▶ _Task brief_: Copy only what lies from the line containing "Wooden fence and" through the line containing "Everybody wants to" in the entries below, keeping both end lines exact and dropping every picture.

▶ _Data shown_:
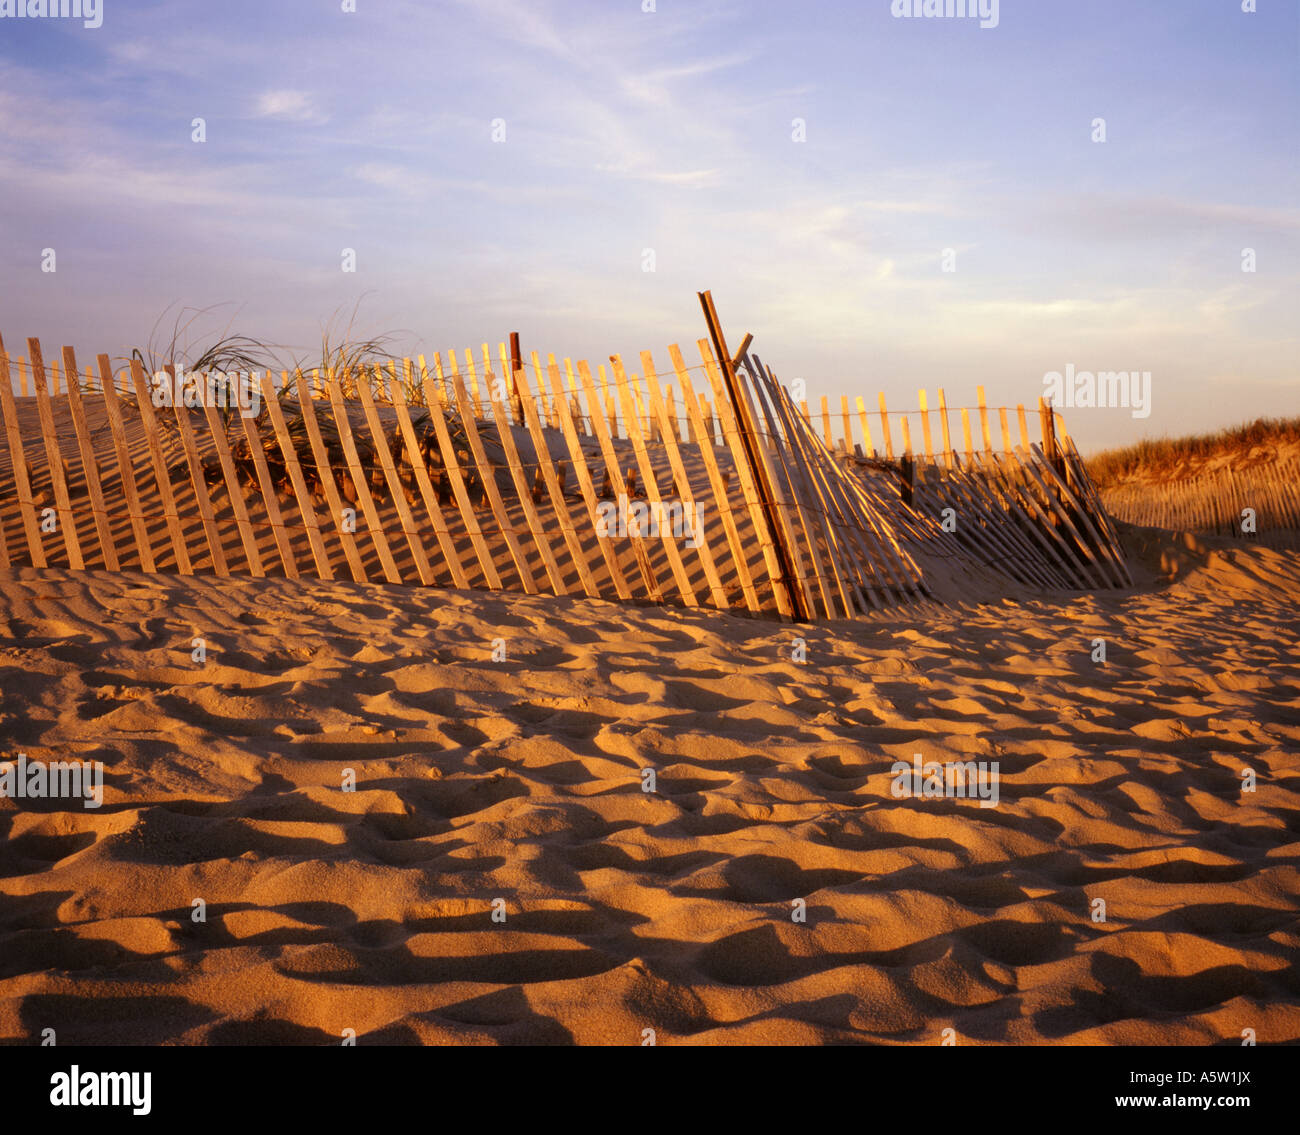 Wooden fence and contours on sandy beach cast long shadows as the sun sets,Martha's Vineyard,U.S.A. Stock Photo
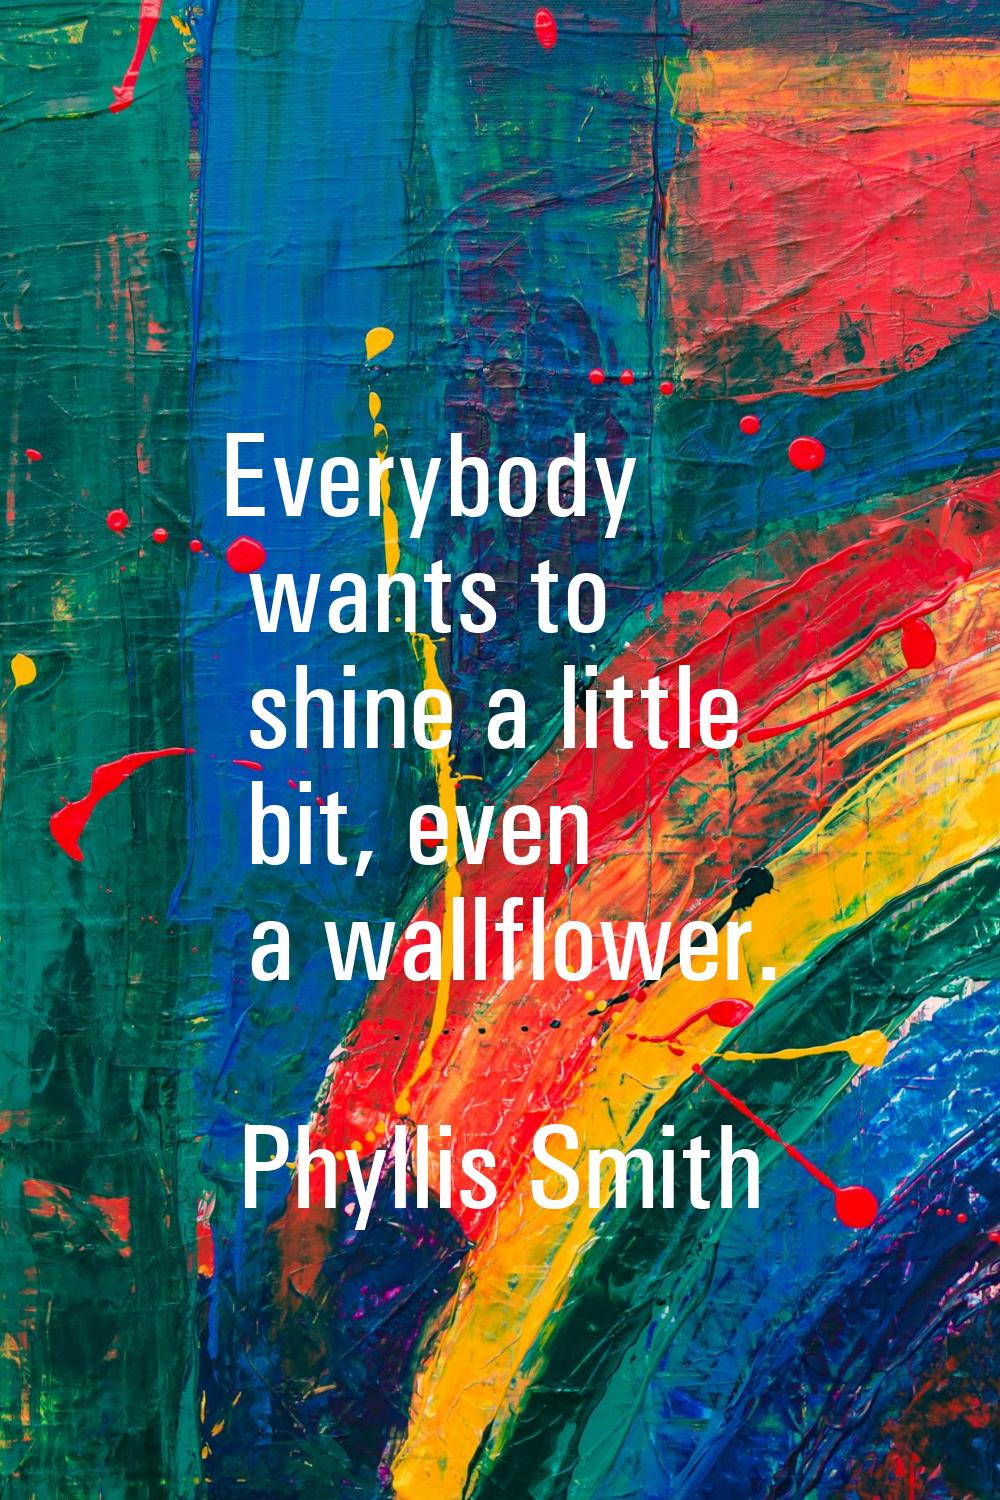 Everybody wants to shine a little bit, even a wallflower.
--
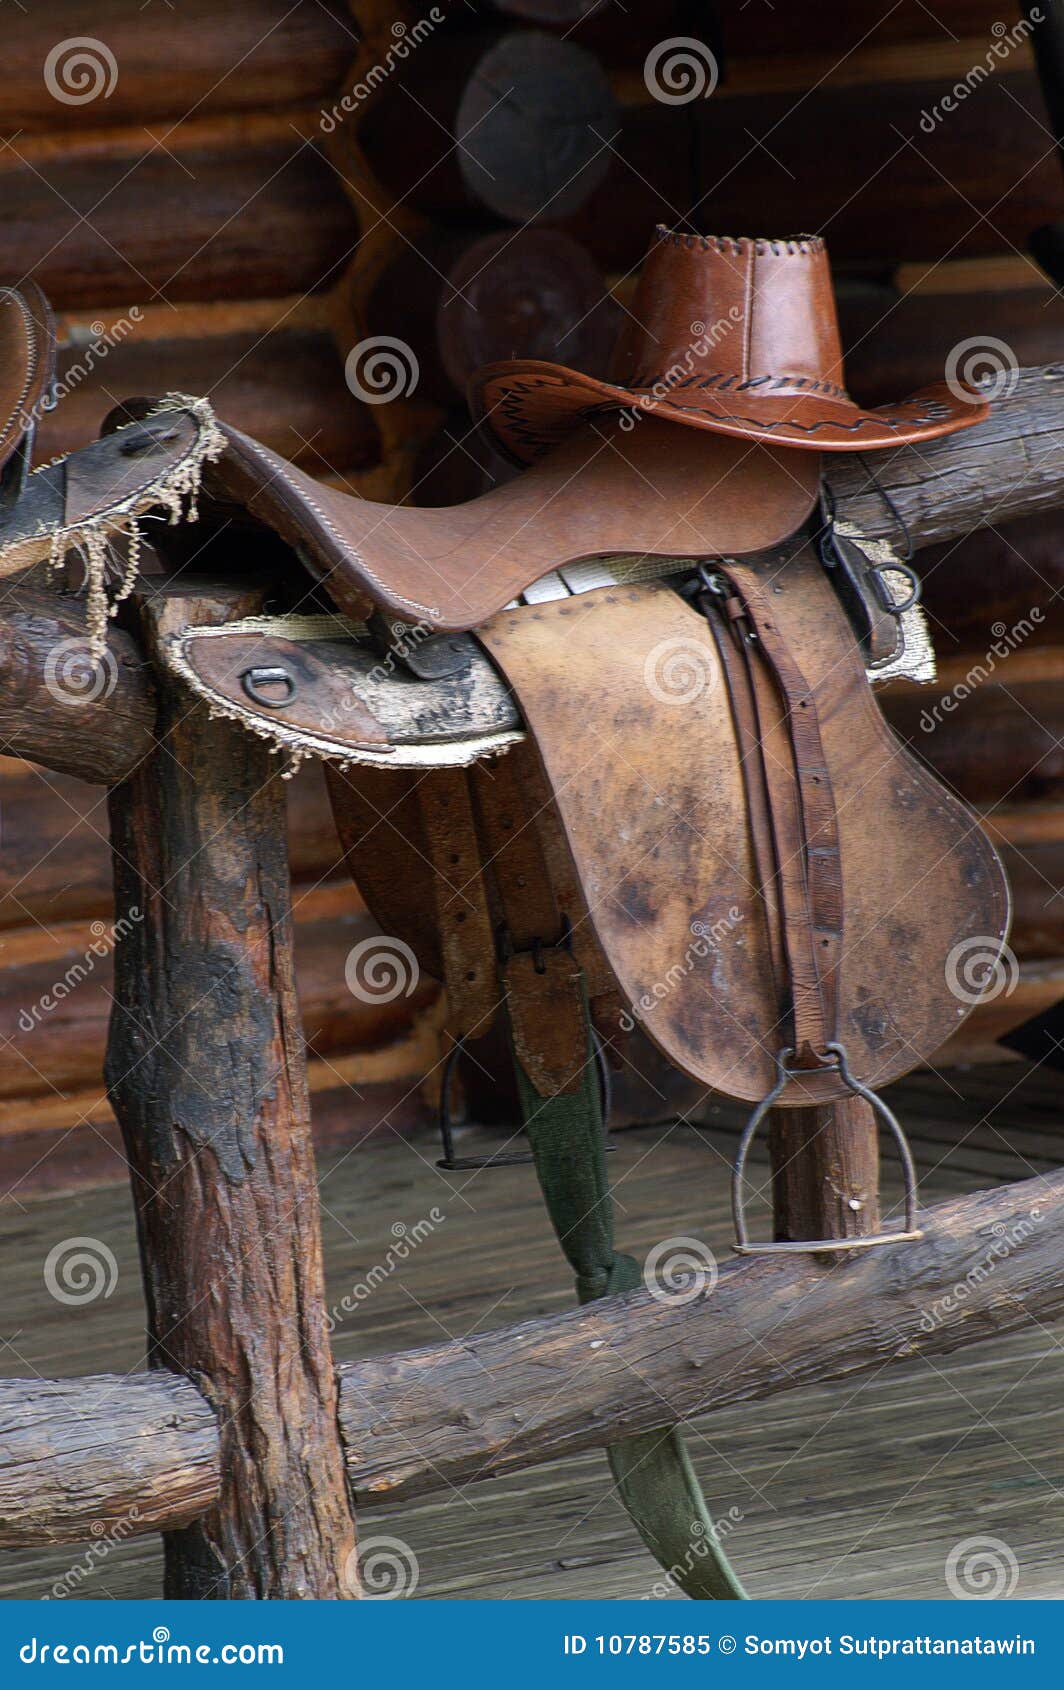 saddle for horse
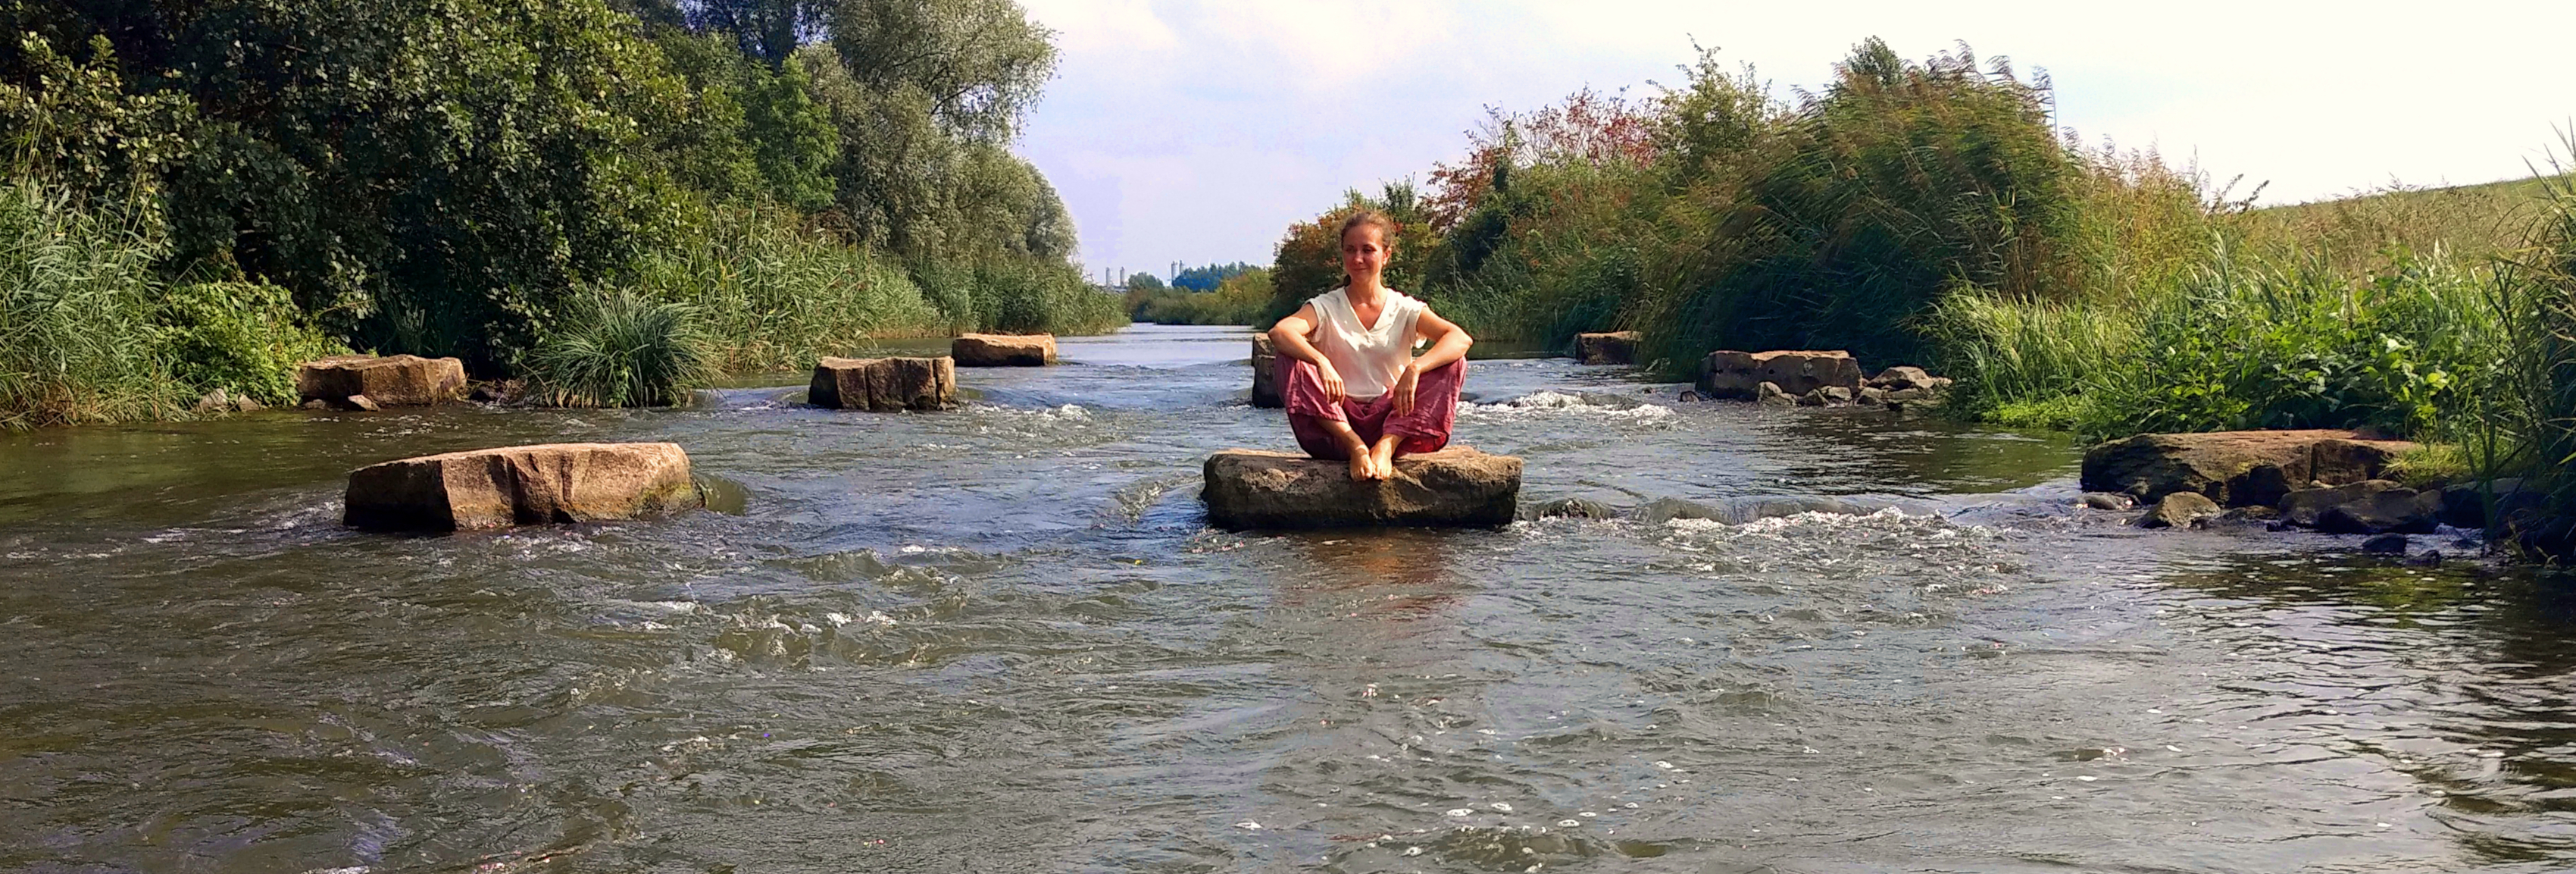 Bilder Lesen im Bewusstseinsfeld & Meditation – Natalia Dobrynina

▶ _Reply_:
 Wooden fence and contours on sandy beach cast long shadows as the sun sets,Martha's Vineyard,U.S.A. Stock Photo
 Everybody wants to shine a little bit, even a wallflower.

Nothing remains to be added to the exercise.